# How Old Is My Citizen?



## Zhu Zhu Steve (Jul 4, 2012)

My Citizen (Quartz -Seven) was made in 1961 I was told...true?

Can anyone help me out...thanks!

Steve

On the back of the watch:

Citizen

Water Resist

Base Metal VP

2100-283007KT

40101068

AZ -0209

GN 4W-S

Photos of front and back of watch:

http://crossculturalsteve.blogspot.tw/2012/07/blog-post.html


----------



## mach 0.0013137 (Jan 10, 2005)

I just did a google and according the `Brand History` page of Citizen Watch Company, they marketed their first `Analog quartz` - the "Citizen Quartz Cryston" in August 1973. They had produced `Electric` & Tuning fork watches prior to this date.

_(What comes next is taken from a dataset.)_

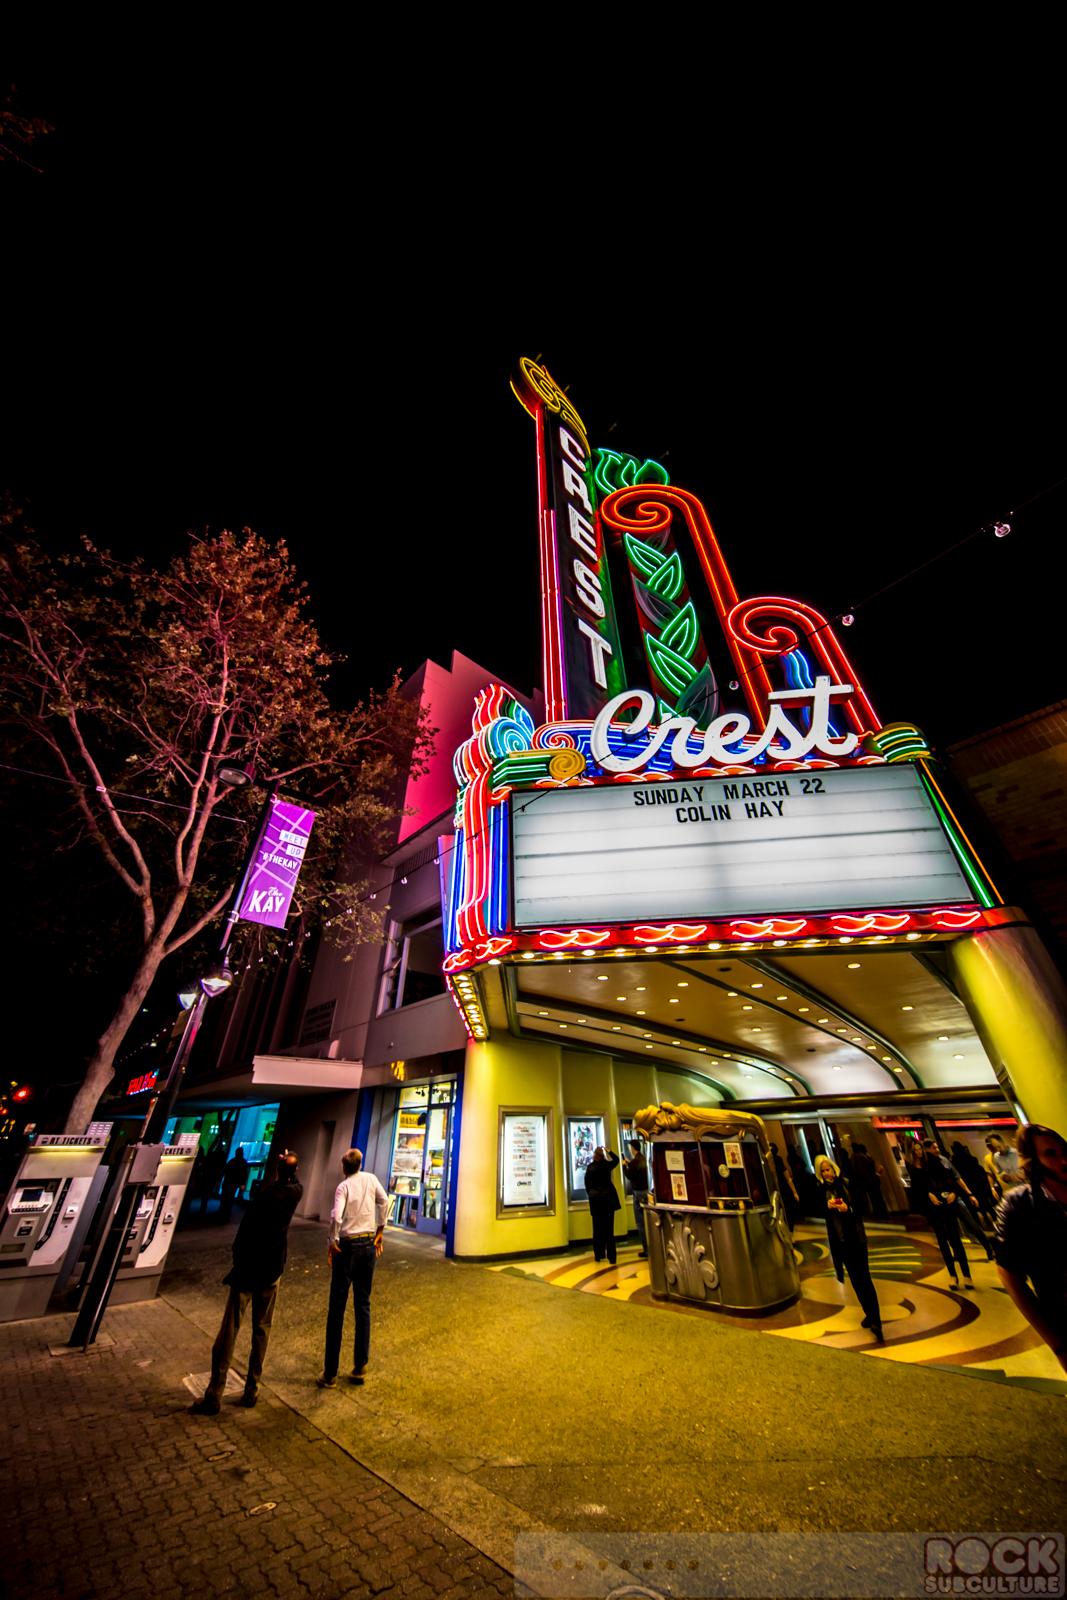 Colin Hay at Crest Theatre | Sacramento, California | 3/22 ...

Welcome to the forum btw :rltb:


----------



## Zhu Zhu Steve (Jul 4, 2012)

...so, this is a 1973?

You have to wind this watch....


----------



## mach 0.0013137 (Jan 10, 2005)

Zhu Zhu Steve said:


> ...so, this is a 1973?
> 
> You have to wind this watch....


I`ve never heard of a quartz watch you have to wind :huh:


----------



## chris l (Aug 5, 2005)

Zhu Zhu Steve said:


> ...so, this is a 1973?
> 
> You have to wind this watch....


You shouldn't need to wind a quartz watch; the battery provides the power.

You may have a problem.


----------



## Zhu Zhu Steve (Jul 4, 2012)

My mistake....battery...ooops! :wallbash: I was thinking of my HMT Jawan

So, it is 1973? Just curious about the age.


----------



## Zhu Zhu Steve (Jul 4, 2012)

chris l said:


> Zhu Zhu Steve said:
> 
> 
> > ...so, this is a 1973?
> ...


"She was a daughter of a wealthy Florentine Pogen."


----------



## chris l (Aug 5, 2005)

Zhu Zhu Steve said:


> chris l said:
> 
> 
> > Zhu Zhu Steve said:
> ...


says Michael Kenyon ...


----------